Large language models (LLMs) play a pivotal role in various Natural Language Processing (NLP) tasks. This study focuses on the application of LLMs in the realm of sustainable finance, specifically framing the task as closed-domain question answering. Leveraging on Retrieval-Augmented Generation (RAG) with top-k retrieval, this paper introduces an innovative approach that combines RAG with insights from Table of Contents (ToC), denoted as RAG + ToC. This method effectively addresses the problem of long inputs, under the assumption of structured data as inputs where ToC acts as an optimised filter for handling our query. In handling extensive outputs, we employ a conventional method of generating an outline, but tailored using RAG + ToC with chain of thought prompting.

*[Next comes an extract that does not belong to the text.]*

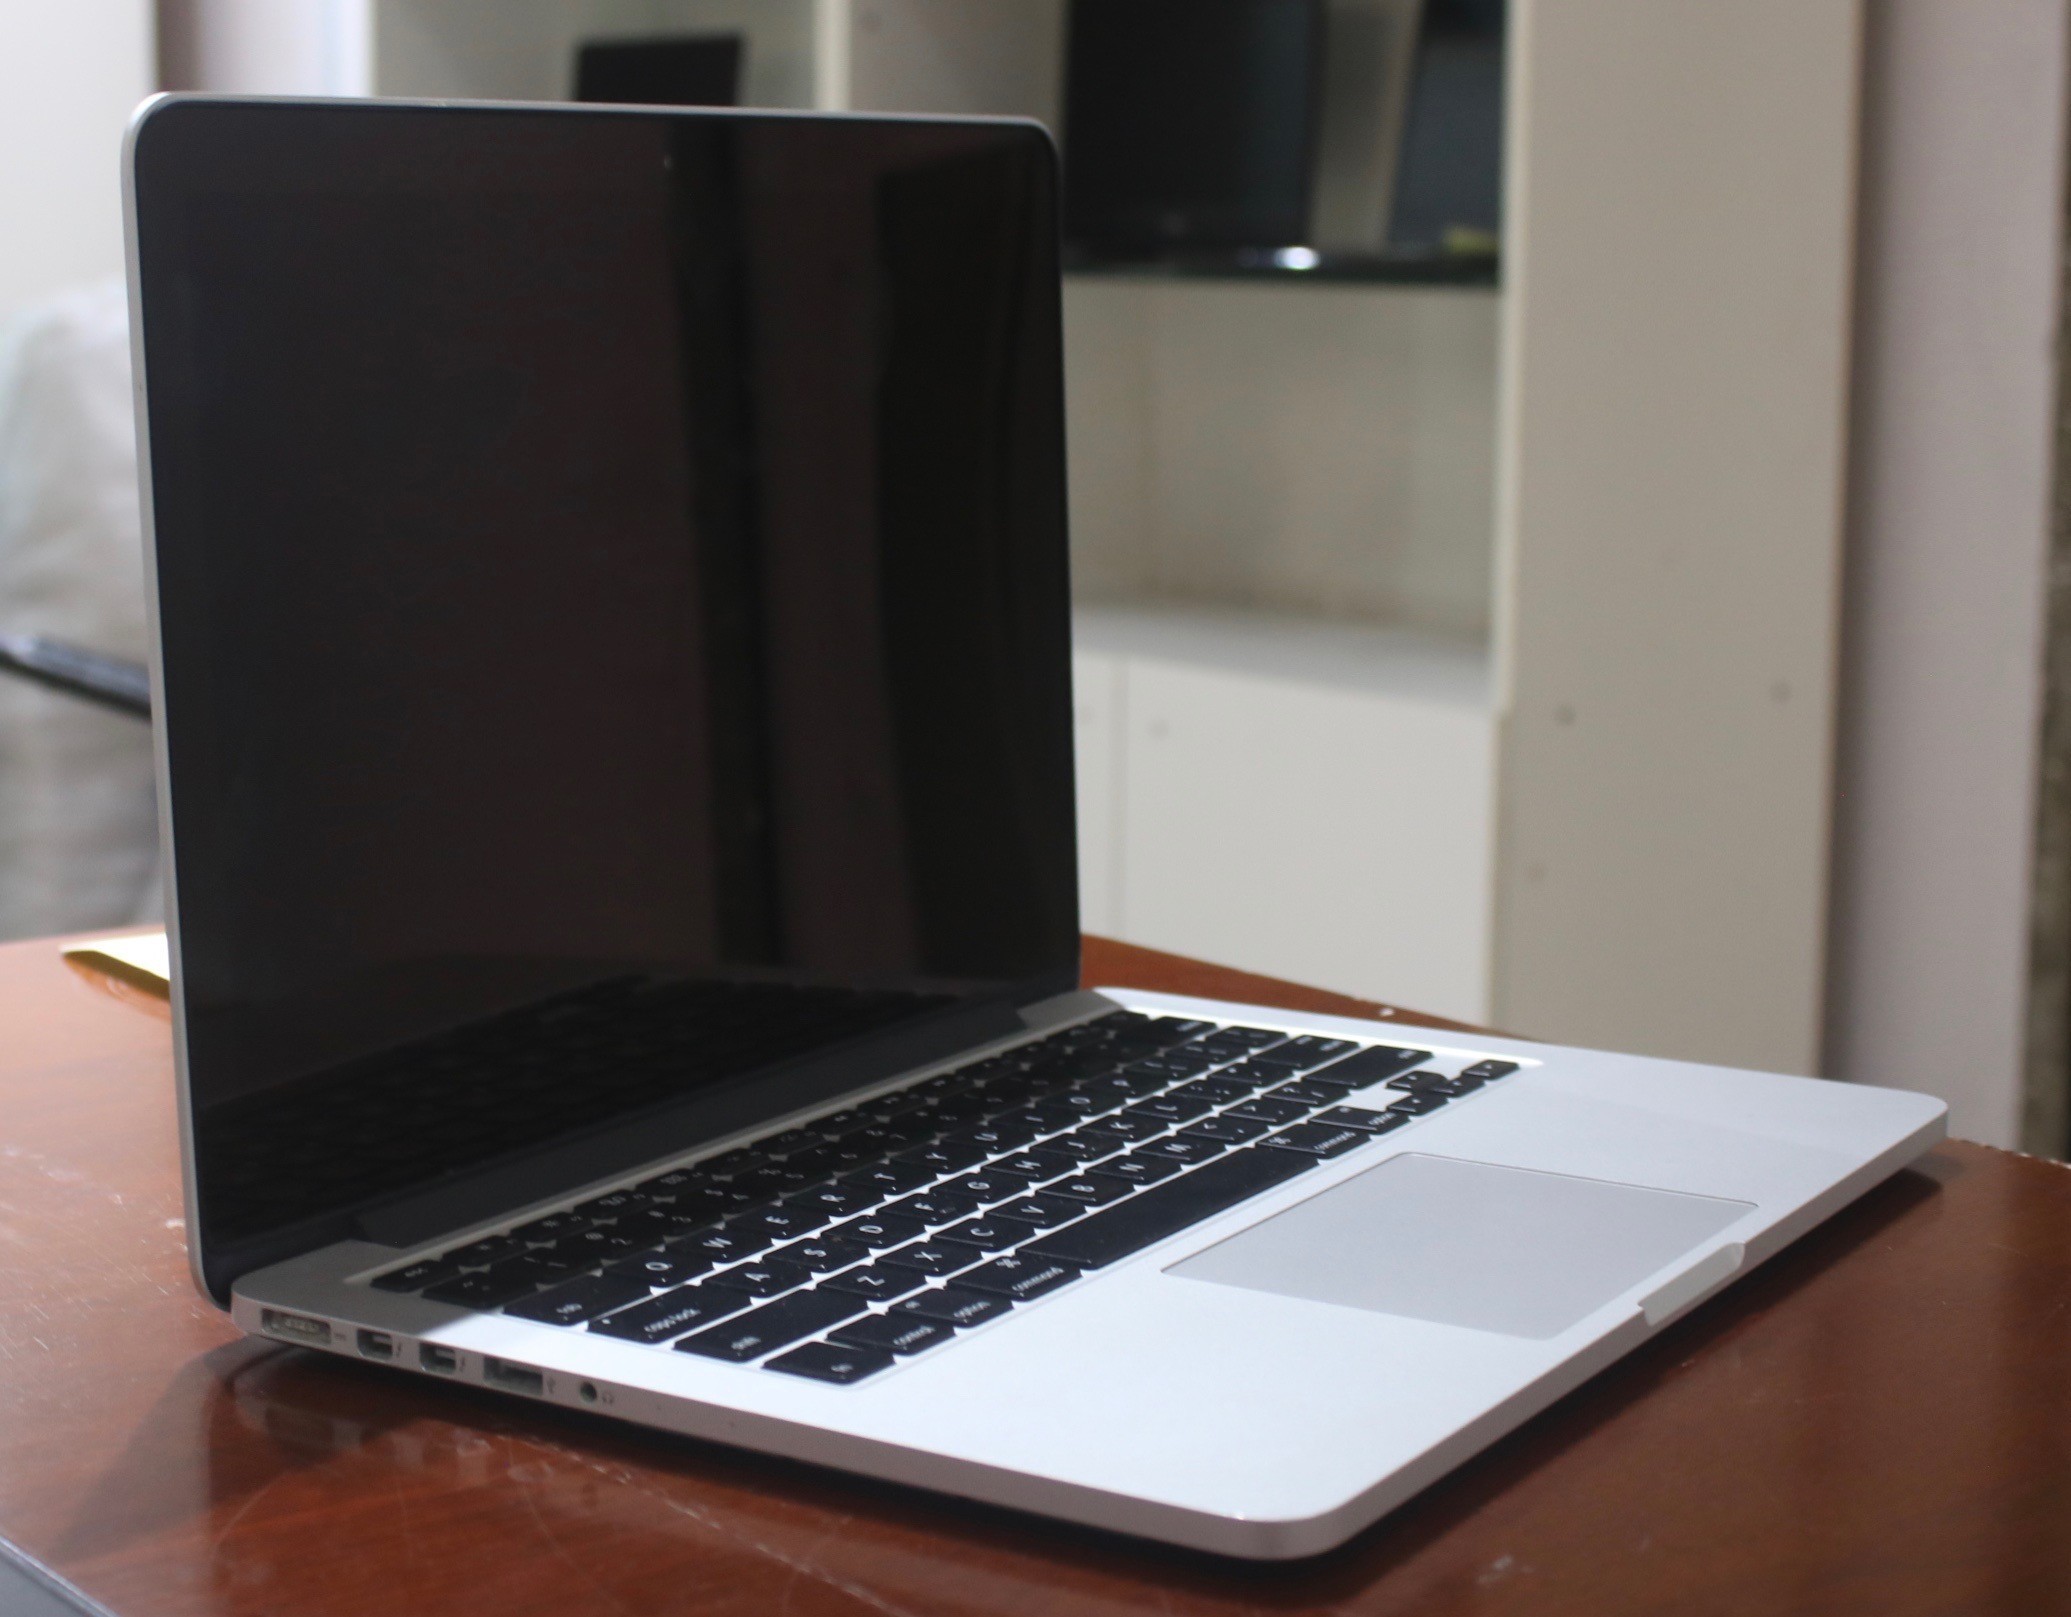 Apple Macbook Pro 2015 model Dual core i7 with 16gb RAM and 256gb

A new phenomenon of Structure bias of LLMs was also introduced in our analysis of outputs.

Approach

LLM model = Mistral 7b, LLM framework = langchain, OllamaEmbeddings, Chroma vector store, LLM hosted on Ollama

Part 1 - Data collection

Collect data relevant for sustainable finance

nasdaq_screener.csv file
company_info.csv file: contains all selected nasdaq stock codes, fill in the column on sustainability report (SR) link
data_helper.py file downloads all SR in company_info.csv, creates output folders and corresponding stock code empty files

Part 2 - Content generation

Structure of the output (Sustainable Finance Wikipedia pages):

(Part a) General company information
- Info from CSV file: Symbol, Name,Last Sale,Net Change,% Change,Market Cap,Country,IPO Year,Volume,Sector,Industry,Company_website,Sustainability_report_link, ESG ratings...
(Part b) ESG Overview
- commitment
- achievements
(Part c) ESG Approach (detailed information is required, sustainability policies, material topics etc)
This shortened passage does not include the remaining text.